_What you have to do:_
Repeat the full listing below verbatim and keep the images out.

_Information shown:_
%%

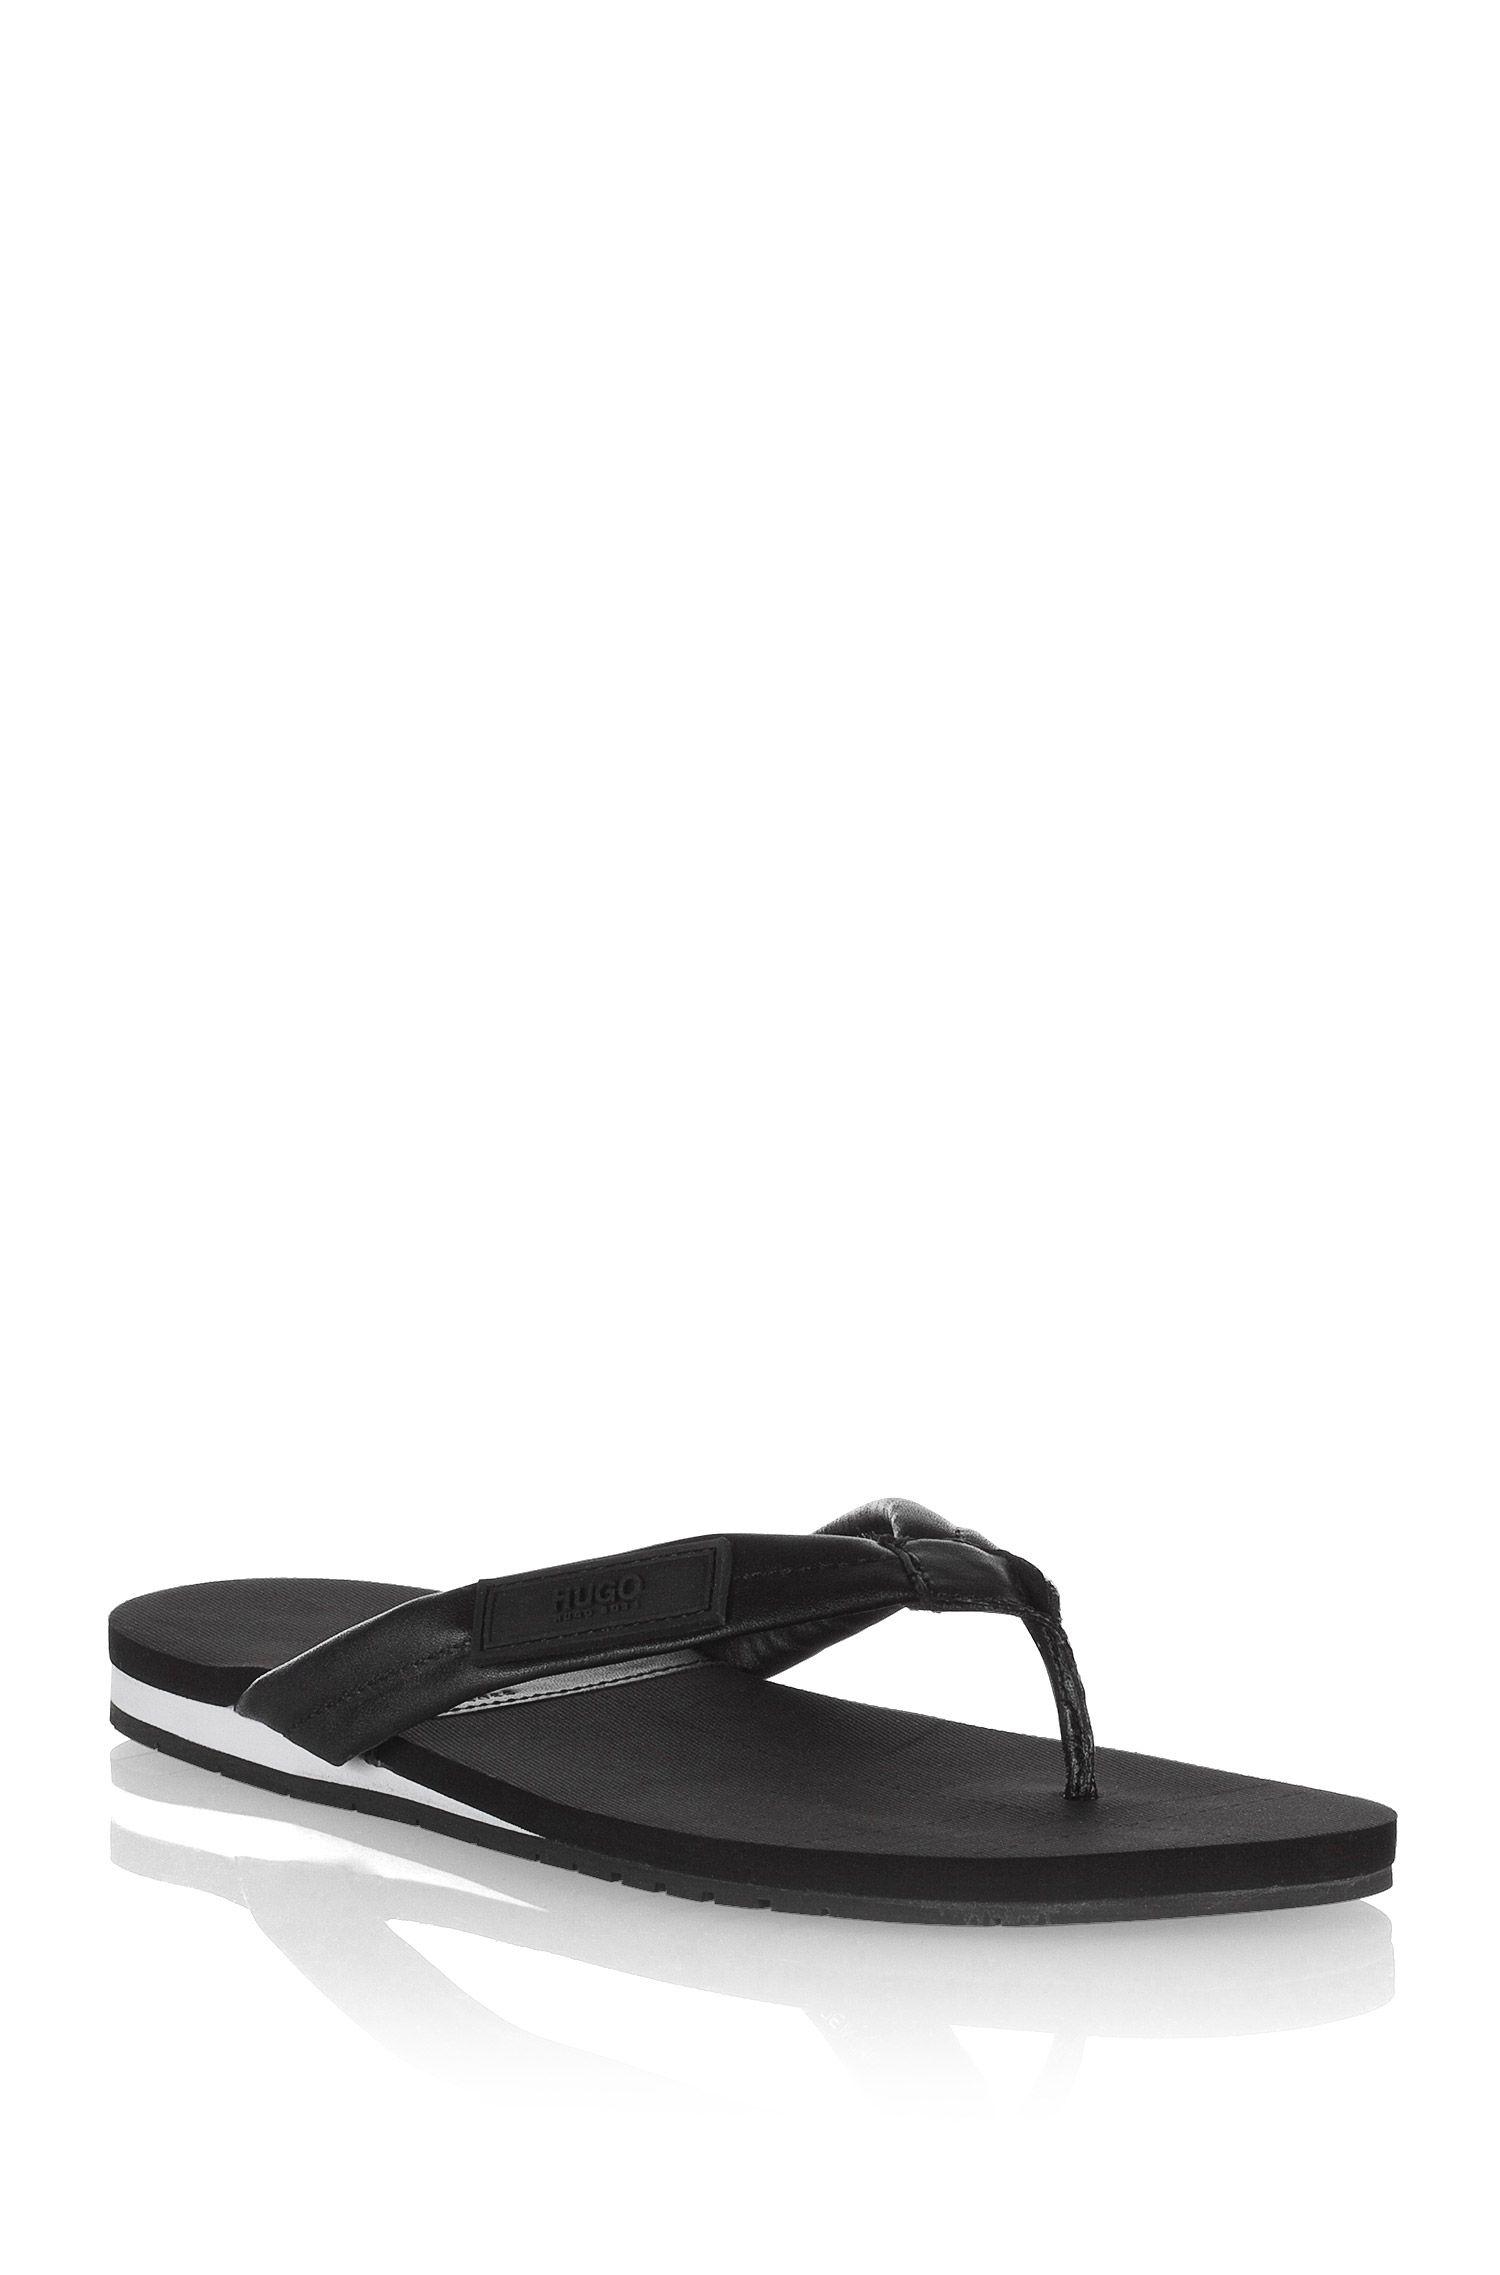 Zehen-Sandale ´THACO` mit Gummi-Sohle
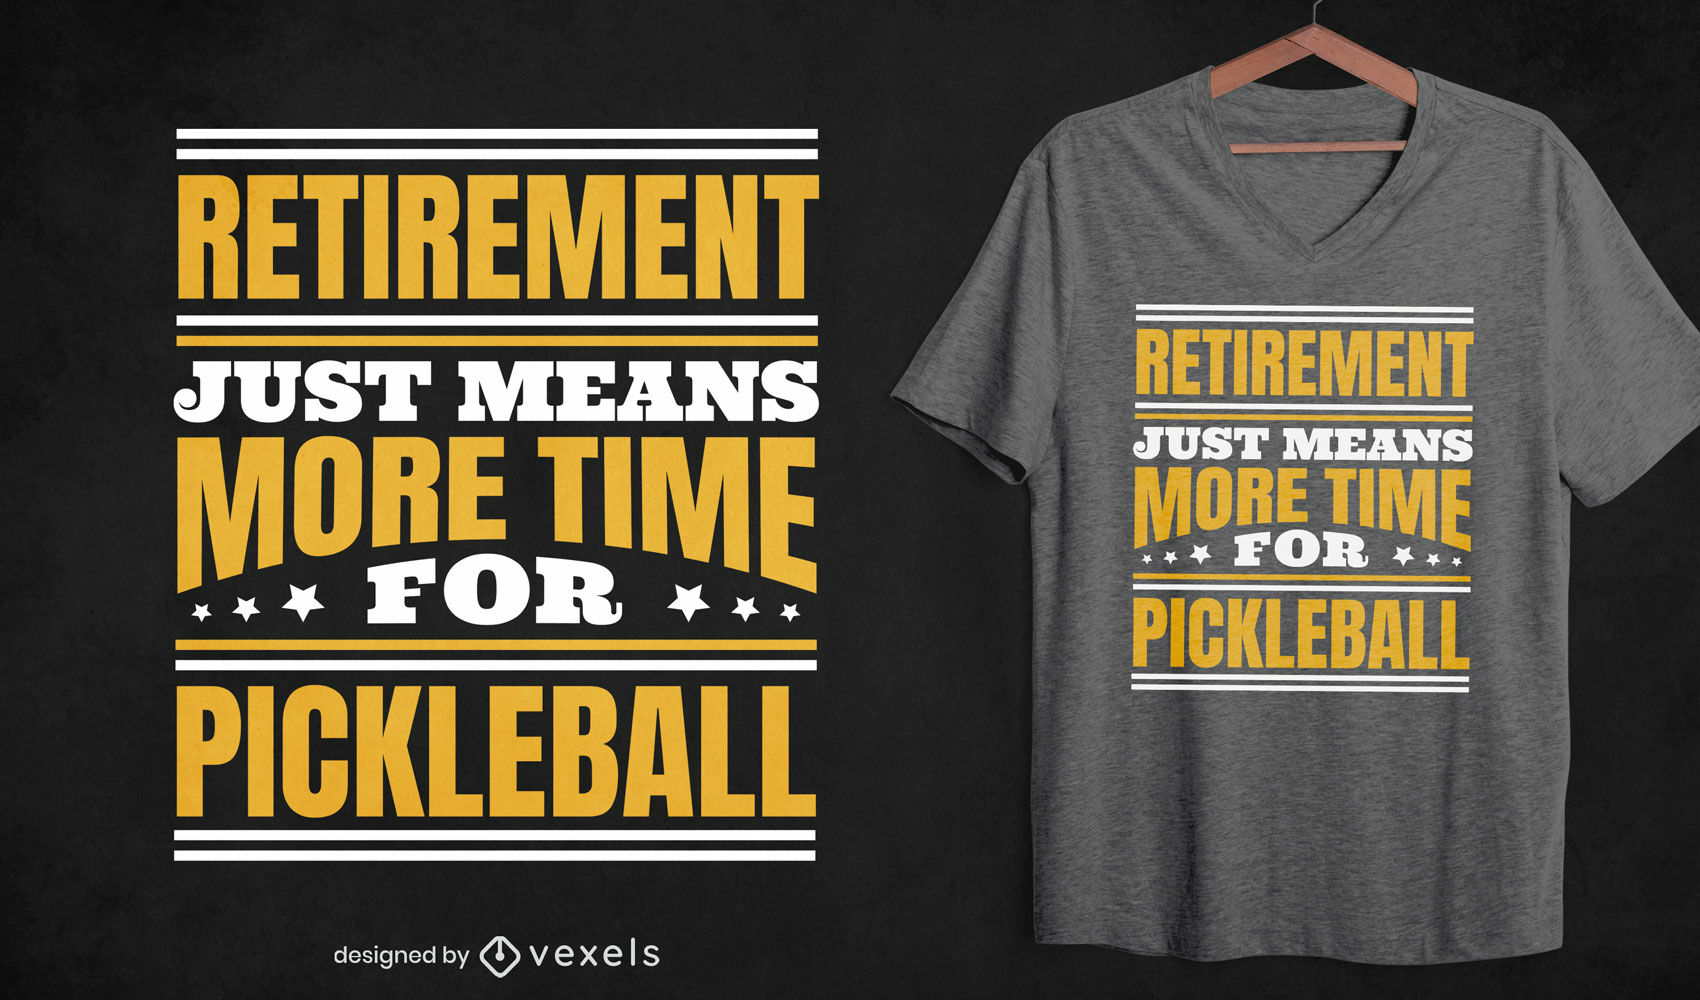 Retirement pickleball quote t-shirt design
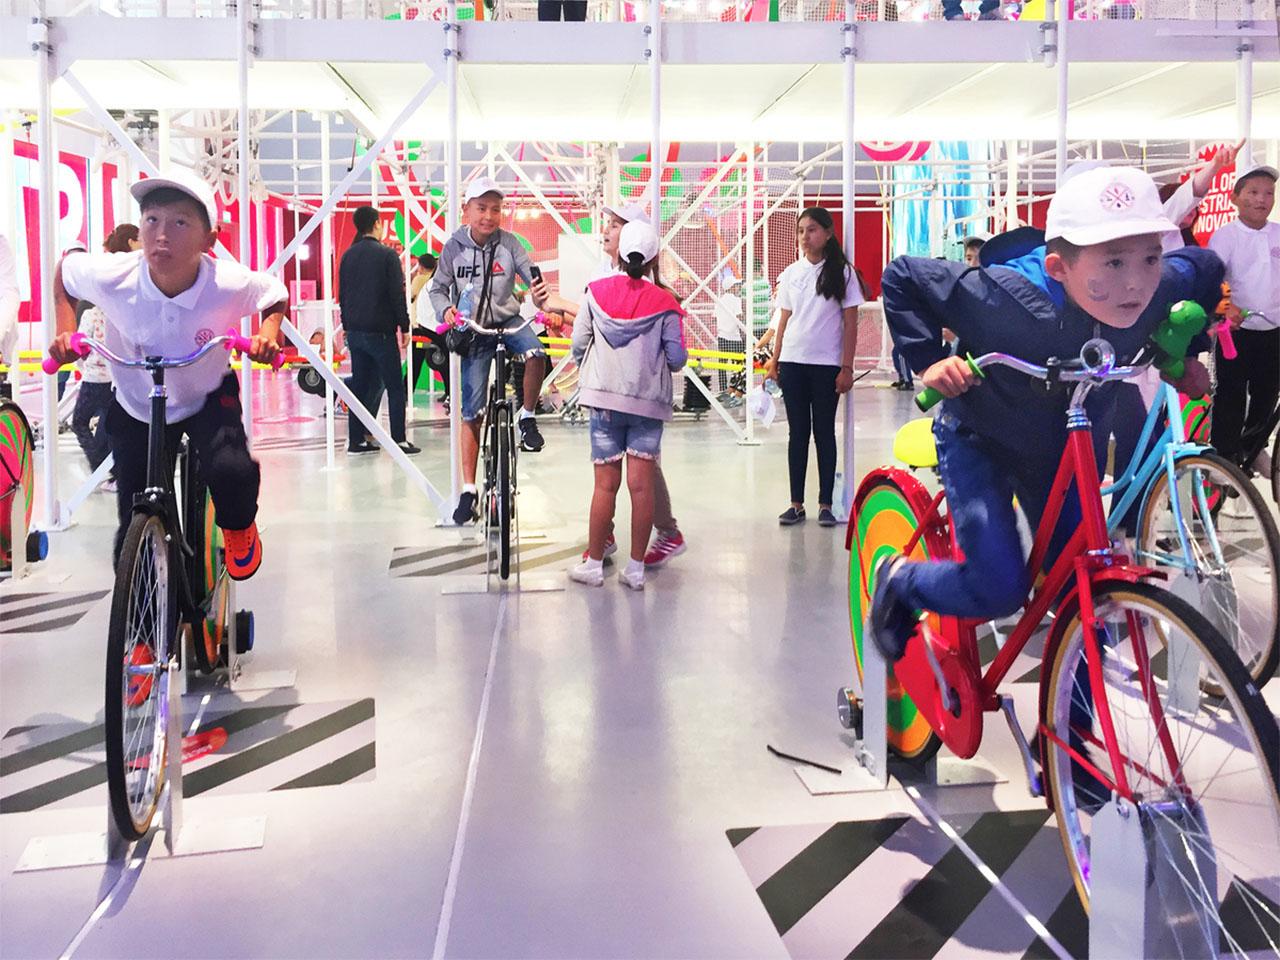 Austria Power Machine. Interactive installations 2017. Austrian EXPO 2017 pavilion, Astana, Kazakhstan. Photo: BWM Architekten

%%

_Task response:_
 Zehen-Sandale ´THACO` mit Gummi-Sohle
 Retirement pickleball quote t-shirt design
 Austria Power Machine. Interactive installations 2017. Austrian EXPO 2017 pavilion, Astana, Kazakhstan. Photo: BWM Architekten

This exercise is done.